- _WORK TASK_
Exact copy, no pictures: return only the lines below from the line with "Black Men's Black" up to and including the line with "HostItSmart account cancellation screen".

=== DATASET EXTRACT ===

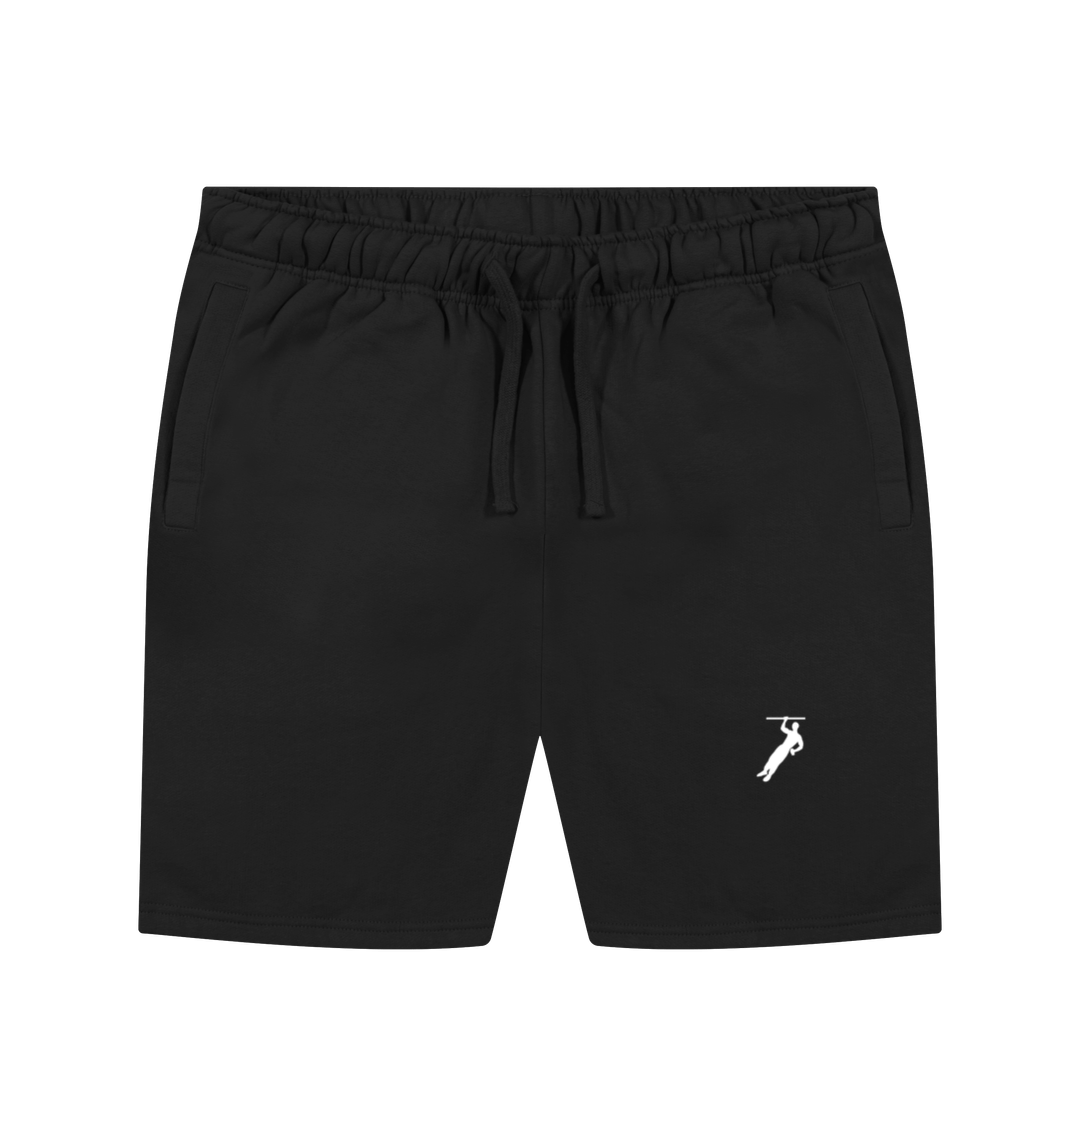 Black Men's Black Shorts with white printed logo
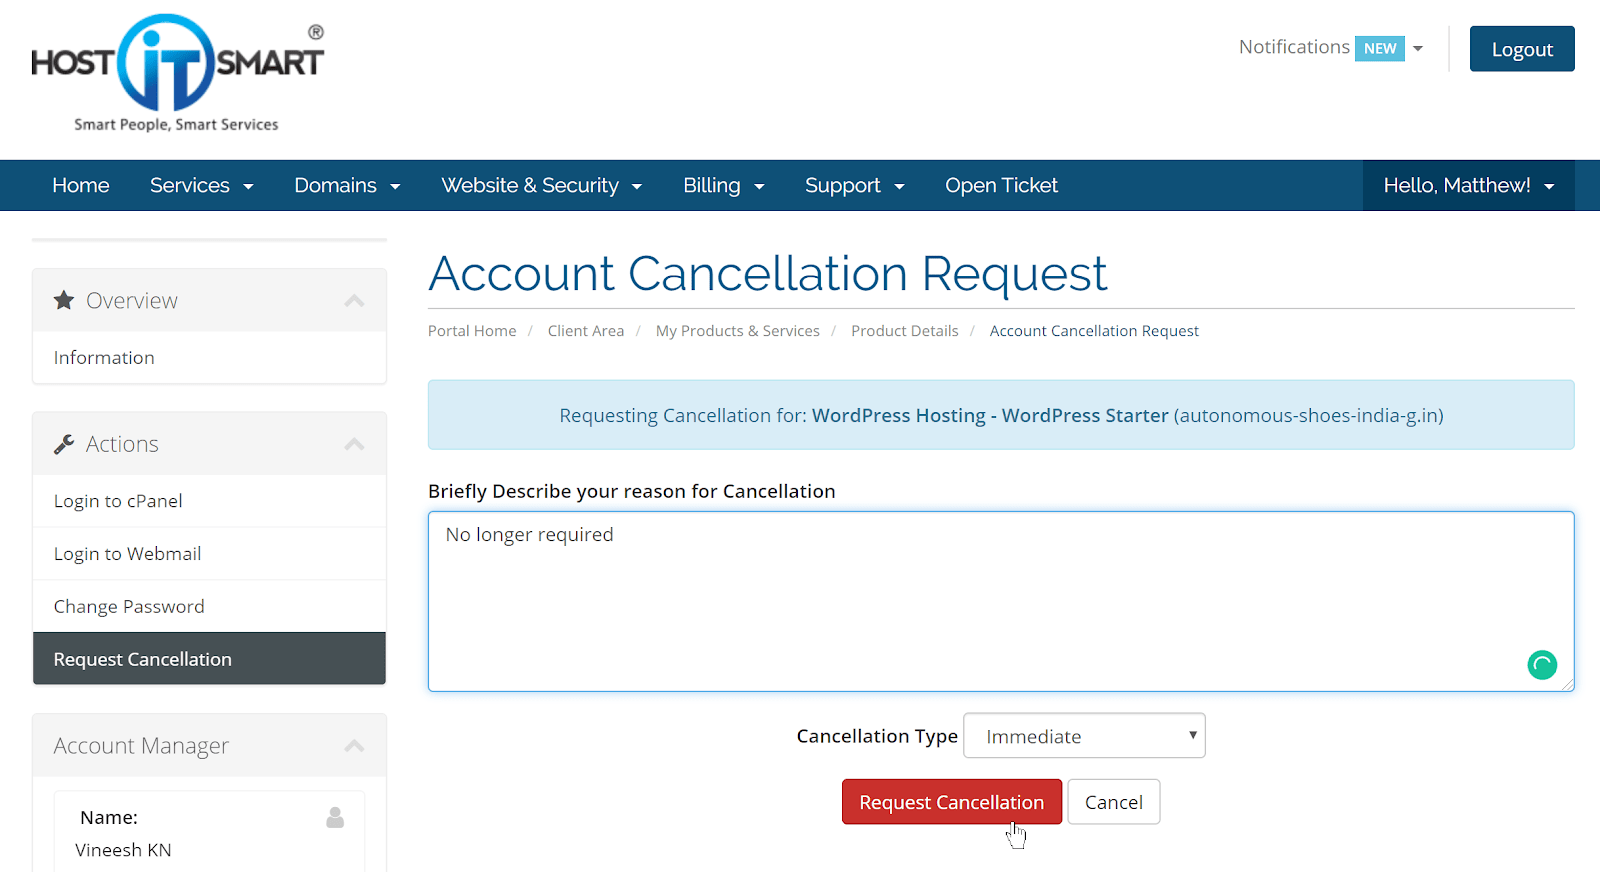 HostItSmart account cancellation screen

===
=== DATASET EXTRACT ===

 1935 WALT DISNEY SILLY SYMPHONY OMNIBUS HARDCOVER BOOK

===

- _OUTPUT BELOW_
 Black Men's Black Shorts with white printed logo
 HostItSmart account cancellation screen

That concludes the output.